* _WHAT NEEDS TO BE DONE_
The required output is the exact run of lines below that opens at the line with "Trump Perucke Us" and closes at the line with "7-araruama-corte-5-transversal".

* _INPUT FOR THIS TASK_

* * * * * * * * *

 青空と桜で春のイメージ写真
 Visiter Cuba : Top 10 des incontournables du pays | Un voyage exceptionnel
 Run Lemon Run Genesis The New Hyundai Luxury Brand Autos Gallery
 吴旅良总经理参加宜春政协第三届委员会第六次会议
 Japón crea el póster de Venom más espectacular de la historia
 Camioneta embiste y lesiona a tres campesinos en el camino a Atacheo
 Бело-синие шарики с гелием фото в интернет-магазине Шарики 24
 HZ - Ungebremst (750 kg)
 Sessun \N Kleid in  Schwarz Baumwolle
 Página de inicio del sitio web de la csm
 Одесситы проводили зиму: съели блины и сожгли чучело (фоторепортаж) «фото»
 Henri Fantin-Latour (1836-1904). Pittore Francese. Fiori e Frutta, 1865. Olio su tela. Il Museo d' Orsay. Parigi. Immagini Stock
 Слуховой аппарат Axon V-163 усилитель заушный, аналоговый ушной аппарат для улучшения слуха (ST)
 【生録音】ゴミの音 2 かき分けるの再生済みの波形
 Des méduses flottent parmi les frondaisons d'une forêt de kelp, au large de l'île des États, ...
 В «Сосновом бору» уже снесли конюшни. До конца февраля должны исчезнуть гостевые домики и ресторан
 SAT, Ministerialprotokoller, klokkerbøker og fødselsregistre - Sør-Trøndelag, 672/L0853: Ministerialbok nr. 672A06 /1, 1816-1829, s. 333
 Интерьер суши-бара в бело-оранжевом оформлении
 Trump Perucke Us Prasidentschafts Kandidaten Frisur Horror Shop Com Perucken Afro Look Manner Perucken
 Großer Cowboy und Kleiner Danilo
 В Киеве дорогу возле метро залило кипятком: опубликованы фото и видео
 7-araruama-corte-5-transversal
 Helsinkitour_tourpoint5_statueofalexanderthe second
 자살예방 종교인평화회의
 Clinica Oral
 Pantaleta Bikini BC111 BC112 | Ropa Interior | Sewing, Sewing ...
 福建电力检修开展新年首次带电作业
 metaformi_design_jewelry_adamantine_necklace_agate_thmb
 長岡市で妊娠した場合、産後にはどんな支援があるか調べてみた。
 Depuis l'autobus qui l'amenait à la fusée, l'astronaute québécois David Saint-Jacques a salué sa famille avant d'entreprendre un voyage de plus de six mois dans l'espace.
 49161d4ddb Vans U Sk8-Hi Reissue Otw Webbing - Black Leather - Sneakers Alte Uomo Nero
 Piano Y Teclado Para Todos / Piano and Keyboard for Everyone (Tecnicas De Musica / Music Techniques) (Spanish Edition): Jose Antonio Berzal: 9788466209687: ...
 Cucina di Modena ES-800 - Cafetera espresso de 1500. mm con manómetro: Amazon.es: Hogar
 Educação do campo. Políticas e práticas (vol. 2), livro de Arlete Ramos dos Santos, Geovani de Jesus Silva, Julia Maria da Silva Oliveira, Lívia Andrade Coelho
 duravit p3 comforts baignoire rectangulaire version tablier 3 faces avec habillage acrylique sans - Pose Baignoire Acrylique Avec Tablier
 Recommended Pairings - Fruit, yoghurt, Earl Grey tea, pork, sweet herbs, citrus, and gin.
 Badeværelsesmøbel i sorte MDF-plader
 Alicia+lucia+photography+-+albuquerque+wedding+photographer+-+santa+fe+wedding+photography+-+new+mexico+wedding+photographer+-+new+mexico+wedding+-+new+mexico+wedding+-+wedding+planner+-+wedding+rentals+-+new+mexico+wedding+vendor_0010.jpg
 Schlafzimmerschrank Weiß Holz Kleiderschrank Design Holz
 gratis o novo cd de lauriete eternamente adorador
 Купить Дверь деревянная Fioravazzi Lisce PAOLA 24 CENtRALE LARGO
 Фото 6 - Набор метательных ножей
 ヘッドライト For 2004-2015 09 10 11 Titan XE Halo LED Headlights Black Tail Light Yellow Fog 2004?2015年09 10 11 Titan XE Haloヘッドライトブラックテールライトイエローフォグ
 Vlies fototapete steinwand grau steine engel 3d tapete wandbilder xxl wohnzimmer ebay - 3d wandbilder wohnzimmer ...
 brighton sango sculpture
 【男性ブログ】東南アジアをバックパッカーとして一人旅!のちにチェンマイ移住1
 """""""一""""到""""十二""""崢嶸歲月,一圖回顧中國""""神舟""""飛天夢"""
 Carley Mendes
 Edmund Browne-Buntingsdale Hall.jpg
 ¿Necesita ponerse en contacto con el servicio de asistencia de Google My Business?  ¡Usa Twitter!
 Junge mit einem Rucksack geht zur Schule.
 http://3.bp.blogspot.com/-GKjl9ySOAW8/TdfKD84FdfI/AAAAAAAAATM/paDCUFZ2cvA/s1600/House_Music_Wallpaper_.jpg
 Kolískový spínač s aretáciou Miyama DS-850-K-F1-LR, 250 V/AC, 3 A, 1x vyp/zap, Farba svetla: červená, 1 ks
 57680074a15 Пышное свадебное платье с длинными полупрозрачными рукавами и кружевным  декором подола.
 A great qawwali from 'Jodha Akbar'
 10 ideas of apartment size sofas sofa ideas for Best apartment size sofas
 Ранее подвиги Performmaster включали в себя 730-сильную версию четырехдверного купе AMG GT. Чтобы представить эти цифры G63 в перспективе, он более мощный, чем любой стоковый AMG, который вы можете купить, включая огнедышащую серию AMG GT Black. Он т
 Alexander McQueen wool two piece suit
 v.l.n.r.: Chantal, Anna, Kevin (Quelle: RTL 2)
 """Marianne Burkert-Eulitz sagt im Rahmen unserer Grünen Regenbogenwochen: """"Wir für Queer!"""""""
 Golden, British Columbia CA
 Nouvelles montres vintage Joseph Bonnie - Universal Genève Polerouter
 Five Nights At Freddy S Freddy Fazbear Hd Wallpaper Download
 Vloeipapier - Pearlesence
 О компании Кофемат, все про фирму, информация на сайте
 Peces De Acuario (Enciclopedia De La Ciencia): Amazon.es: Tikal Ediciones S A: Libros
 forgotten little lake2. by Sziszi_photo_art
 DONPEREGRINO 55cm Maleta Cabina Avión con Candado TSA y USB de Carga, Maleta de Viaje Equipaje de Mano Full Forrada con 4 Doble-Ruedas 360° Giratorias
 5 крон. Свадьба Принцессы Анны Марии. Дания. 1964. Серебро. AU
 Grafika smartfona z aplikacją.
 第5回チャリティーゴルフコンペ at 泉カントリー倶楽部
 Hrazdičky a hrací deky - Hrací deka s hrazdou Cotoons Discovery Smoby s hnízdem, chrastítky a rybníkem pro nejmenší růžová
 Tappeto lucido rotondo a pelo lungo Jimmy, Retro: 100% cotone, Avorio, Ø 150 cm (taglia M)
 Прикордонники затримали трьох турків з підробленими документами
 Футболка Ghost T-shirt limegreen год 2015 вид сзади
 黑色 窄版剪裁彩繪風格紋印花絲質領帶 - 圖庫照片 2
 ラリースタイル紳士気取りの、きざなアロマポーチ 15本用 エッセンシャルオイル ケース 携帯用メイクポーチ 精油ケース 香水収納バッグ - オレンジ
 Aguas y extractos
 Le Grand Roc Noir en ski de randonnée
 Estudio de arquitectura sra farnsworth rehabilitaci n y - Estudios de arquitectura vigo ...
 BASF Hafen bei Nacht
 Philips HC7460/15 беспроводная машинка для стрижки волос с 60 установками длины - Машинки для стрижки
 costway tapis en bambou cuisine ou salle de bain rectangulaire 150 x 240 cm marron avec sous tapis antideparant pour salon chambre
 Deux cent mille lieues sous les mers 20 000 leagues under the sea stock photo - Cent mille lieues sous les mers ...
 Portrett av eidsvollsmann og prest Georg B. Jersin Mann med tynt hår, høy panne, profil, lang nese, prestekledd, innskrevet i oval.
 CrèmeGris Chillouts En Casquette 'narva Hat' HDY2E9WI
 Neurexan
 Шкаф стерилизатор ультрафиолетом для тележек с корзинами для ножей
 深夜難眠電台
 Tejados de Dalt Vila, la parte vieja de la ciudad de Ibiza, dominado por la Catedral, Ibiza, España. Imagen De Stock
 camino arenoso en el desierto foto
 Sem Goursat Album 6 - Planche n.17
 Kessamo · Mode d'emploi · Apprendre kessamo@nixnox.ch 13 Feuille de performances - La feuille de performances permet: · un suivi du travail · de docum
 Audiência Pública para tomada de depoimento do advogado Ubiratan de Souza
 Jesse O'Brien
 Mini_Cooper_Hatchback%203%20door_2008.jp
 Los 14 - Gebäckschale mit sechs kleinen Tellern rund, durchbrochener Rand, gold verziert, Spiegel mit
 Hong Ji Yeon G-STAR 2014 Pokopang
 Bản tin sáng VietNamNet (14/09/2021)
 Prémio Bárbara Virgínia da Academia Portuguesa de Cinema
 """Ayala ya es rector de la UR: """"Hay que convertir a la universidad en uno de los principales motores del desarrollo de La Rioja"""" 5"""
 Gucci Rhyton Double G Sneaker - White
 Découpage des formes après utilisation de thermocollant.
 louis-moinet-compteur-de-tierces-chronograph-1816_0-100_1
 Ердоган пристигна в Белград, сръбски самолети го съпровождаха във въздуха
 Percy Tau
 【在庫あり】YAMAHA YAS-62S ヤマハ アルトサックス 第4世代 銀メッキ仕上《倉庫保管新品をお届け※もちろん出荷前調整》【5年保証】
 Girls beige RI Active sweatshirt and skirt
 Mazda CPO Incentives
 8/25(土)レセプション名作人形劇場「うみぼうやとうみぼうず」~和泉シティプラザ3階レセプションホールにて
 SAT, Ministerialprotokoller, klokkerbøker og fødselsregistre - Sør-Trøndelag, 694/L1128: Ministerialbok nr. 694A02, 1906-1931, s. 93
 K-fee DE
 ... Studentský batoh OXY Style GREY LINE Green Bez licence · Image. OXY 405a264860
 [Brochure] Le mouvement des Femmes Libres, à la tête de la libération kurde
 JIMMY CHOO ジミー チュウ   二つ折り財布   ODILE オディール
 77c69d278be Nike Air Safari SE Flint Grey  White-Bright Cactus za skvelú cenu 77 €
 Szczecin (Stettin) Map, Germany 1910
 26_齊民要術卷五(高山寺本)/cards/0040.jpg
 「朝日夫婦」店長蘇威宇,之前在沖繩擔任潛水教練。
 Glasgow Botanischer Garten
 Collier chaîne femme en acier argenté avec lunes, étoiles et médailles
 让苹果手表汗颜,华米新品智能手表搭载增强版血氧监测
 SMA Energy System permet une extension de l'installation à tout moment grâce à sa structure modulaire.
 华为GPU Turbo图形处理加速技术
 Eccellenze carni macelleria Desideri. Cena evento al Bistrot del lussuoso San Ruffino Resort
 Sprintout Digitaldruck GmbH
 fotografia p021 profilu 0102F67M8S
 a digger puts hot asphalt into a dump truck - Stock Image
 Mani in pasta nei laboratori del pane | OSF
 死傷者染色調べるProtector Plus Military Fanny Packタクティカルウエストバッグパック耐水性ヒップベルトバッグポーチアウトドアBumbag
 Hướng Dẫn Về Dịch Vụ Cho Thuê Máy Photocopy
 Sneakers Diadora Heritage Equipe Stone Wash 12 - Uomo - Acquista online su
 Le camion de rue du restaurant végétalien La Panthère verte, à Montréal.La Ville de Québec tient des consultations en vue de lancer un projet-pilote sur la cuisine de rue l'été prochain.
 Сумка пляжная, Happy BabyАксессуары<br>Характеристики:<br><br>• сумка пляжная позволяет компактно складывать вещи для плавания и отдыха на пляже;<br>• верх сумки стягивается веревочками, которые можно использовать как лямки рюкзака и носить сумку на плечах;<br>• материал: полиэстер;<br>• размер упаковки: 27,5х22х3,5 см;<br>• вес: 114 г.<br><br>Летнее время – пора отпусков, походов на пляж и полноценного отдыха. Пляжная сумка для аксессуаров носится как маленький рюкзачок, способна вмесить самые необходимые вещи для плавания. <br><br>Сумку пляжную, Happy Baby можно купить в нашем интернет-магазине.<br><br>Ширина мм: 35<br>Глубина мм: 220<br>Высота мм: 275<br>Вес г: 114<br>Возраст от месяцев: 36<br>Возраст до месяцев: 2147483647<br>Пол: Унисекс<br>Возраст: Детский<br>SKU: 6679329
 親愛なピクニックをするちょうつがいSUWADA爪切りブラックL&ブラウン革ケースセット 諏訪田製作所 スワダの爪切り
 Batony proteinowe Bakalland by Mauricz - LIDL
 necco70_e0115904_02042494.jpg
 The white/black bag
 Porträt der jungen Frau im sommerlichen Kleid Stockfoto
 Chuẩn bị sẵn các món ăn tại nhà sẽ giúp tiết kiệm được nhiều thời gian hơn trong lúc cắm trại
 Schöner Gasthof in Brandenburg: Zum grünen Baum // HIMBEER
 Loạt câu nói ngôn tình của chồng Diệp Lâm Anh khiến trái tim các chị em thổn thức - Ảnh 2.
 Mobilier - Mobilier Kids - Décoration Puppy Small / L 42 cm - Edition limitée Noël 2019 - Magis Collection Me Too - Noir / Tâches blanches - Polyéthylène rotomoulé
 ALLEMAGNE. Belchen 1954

* * * * * * * * *

* _RESPONSE TO THE TASK_
 Trump Perucke Us Prasidentschafts Kandidaten Frisur Horror Shop Com Perucken Afro Look Manner Perucken
 Großer Cowboy und Kleiner Danilo
 В Киеве дорогу возле метро залило кипятком: опубликованы фото и видео
 7-araruama-corte-5-transversal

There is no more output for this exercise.